Questions

Everybody asks lots of question about the future. As for me, I really make a lot of them these days. I am getting old, and in contrast my career as a teacher is very slow. Oh sorry, I am not a teacher anymore. Now, I am just a plain tutor. I have been doing this job for almost a year since I left the academy. Aside from teaching, I am devoting a lot of my time in photography. All my plans right now are related to photography. I teach because I want to save money for camera equipment and start a wedding photography business. I don’t know if photography is really for me. Before, my spirit is so high in pursuing my photography career. Now, I am doubting if I could really do it. Should I continue pursuing it? Or just stay in teaching? I should ask the Master about it for discernment and guidance.
Why?
Why is it that people have to get hurt in the process? Unrequited love really hurts, but don’t you think it helps us to be strong? There’s this girl who claims that she really likes me. She tried her best to impress me and get close to me, but it didn’t work. Suicide it may seem of what she is doing. The moment you give time and effort to someone you like, hurt and frustrations start to be part of the equation. If the things you give doesn’t return to you, it will surely turn out bitter. Everybody has experienced this once in their life when one’s love is too much for the other person to give back. My question. Could you blame me for not liking her?
First Day of Work, not.
Last night I had planned to sleep earlier than my regular sleeping time during my vacation, vacation without pay because I was jobless for 3 weeks. I wanted to sleep early because the next day would by my first day of work with Mrs. Son. I will be working with her for the next two months to teach her students from Korea. Before going to bed. I checked my computer to check the month of July for my scheduled appointments and things to accomplish the whole month. I realized that the next day is still June, June 30! Which is today. For the past 3 weeks I already had the mindset that I will start working on this day, June 30 which I thought is the first day of July.

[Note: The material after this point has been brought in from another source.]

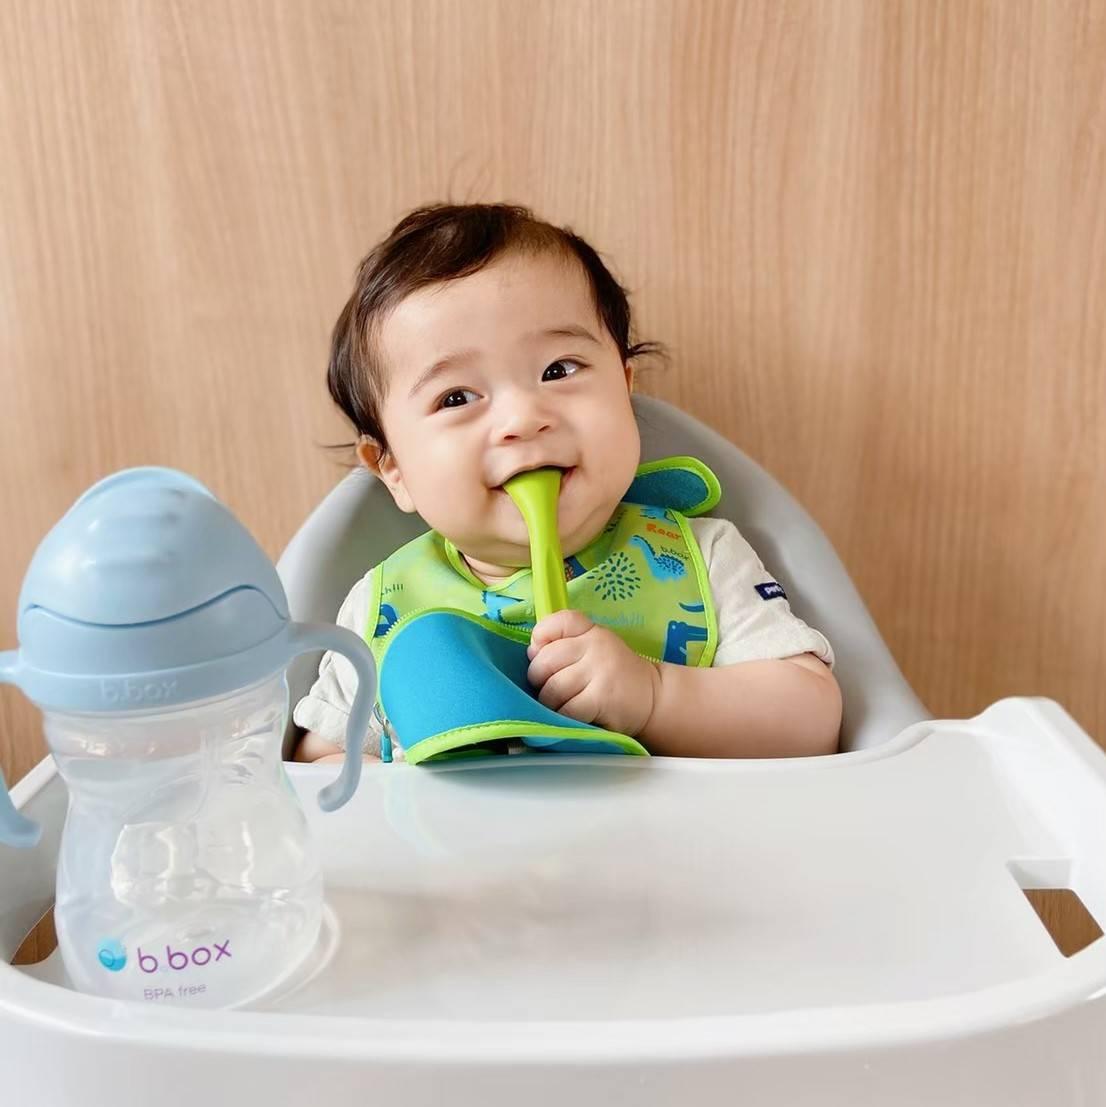 b.box 5ヶ月~1歳のお子さんにおすすめ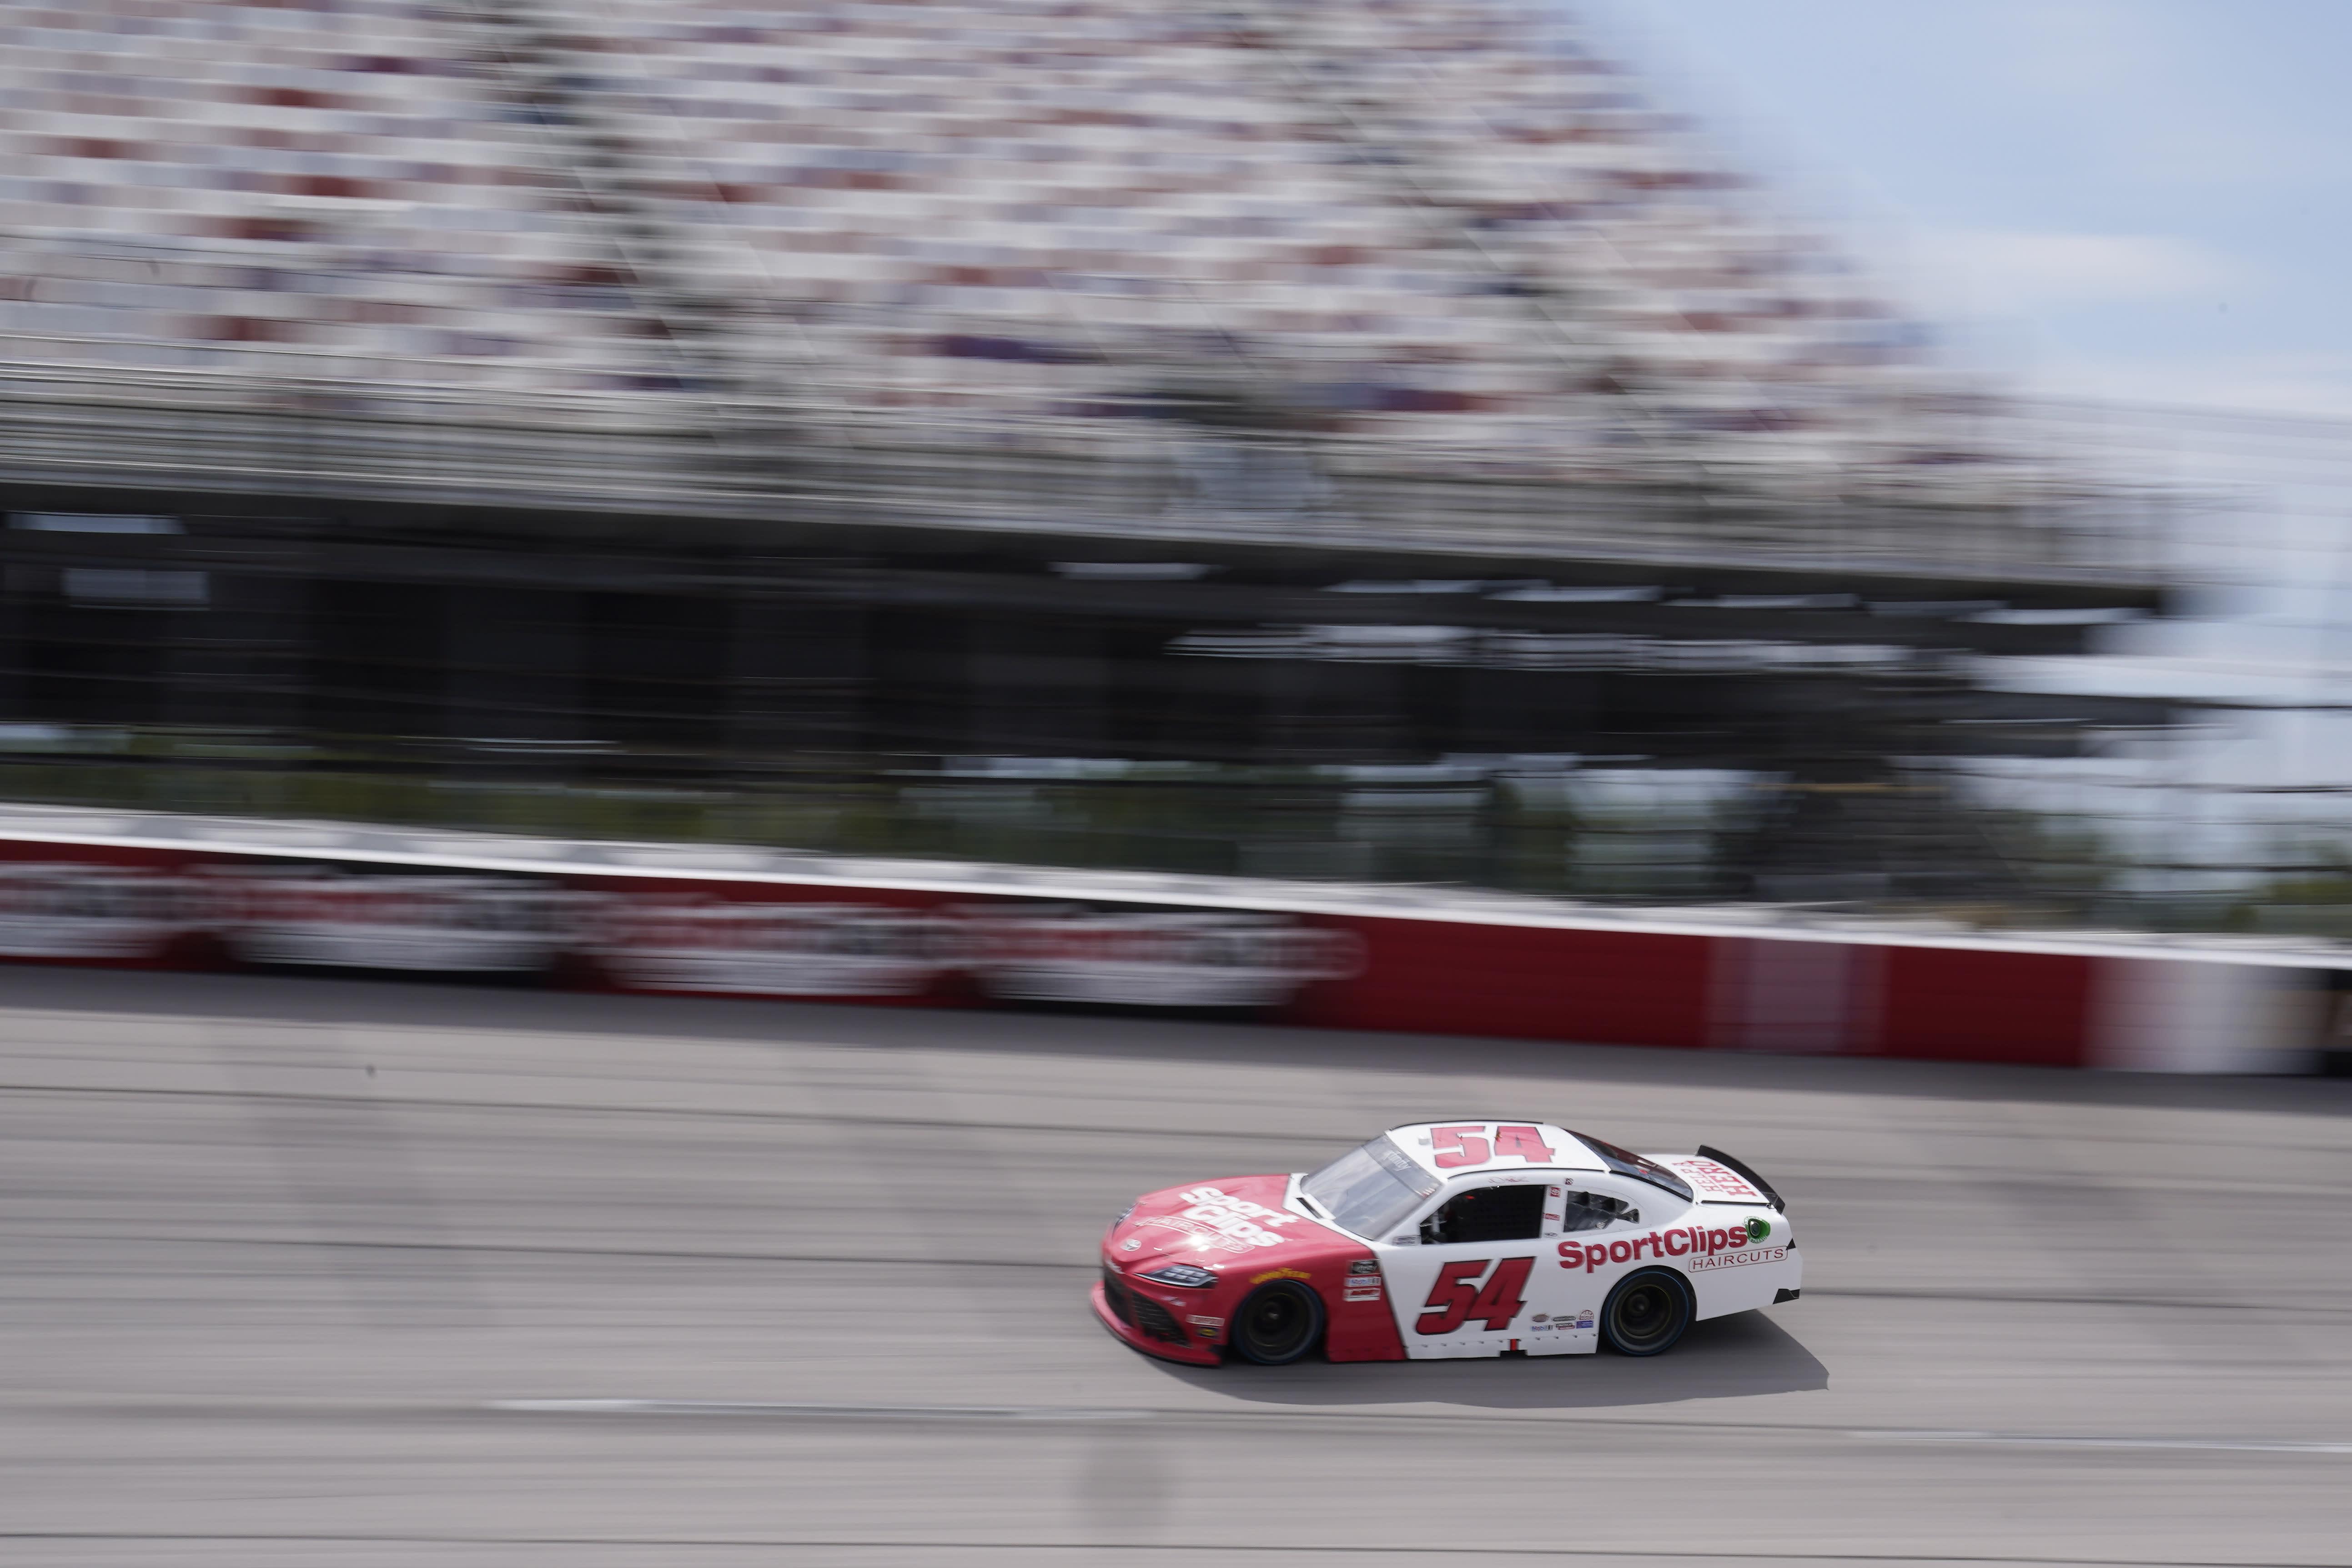 Joe Gibbs (54) moves through Turn 4 during a NASCAR Xfinity Series auto race Saturday, Sept. 5, 2020, in Darlington, S.C. (AP Photo/Chris Carlson)

New work, new place, new employer, new students and new teaching approach. My new job is tutorial. Which means, I am not in a classroom but in an ordinary room that could be possibly be a bedroom. I have lots of worries. Not with the pay but with environment. In the academy I was really preoccupied with lots of work. I deal with lots of people. If my schedule is full it means I have six to seven classes. In a class there are two to four students. And with six to seven classes a day I will be teaching students across the age, from elementary students to mothers who want to learn English to have boyfriends in the Philippines, just kidding. Tomorrow will be different. I might teach same students the whole day long. Eight hours my reader, eight hours. My greatest enemy would be my all time nemesis, boredom. Teaching the same faces all day long will be very very difficult for me. I want to stay positive but I can’t help but to worry. Better if there will be students like Grace (on the picture), it will be really better. Kekeke ^^ Fighting! (Koreans say fighting to boost their morale with a wrong choice of word in English, patawarin nyo ko mga kimchi hehehhee)

Grace with her flat expression.
“Saranghe”
Love, relationships, girlfriend, and commitment. These words are very confusing. They are all nouns, that’s what I am sure of. Two girls older than I am seem to have an interest with me. Their text messages flood my inbox. I am not annoyed with the things they do to me. In fact I am very flattered, makes me feel I am special. It’s just I am not interested with what I now they want. I can be a good friend to them as I always been to everyone. I reckon that they like me because they think that I am a very nice guy. Of course I know it’s not because of my looks, not that I have low self esteem. I just feel that they want to settle down and be seriously in love. I am not into it right now.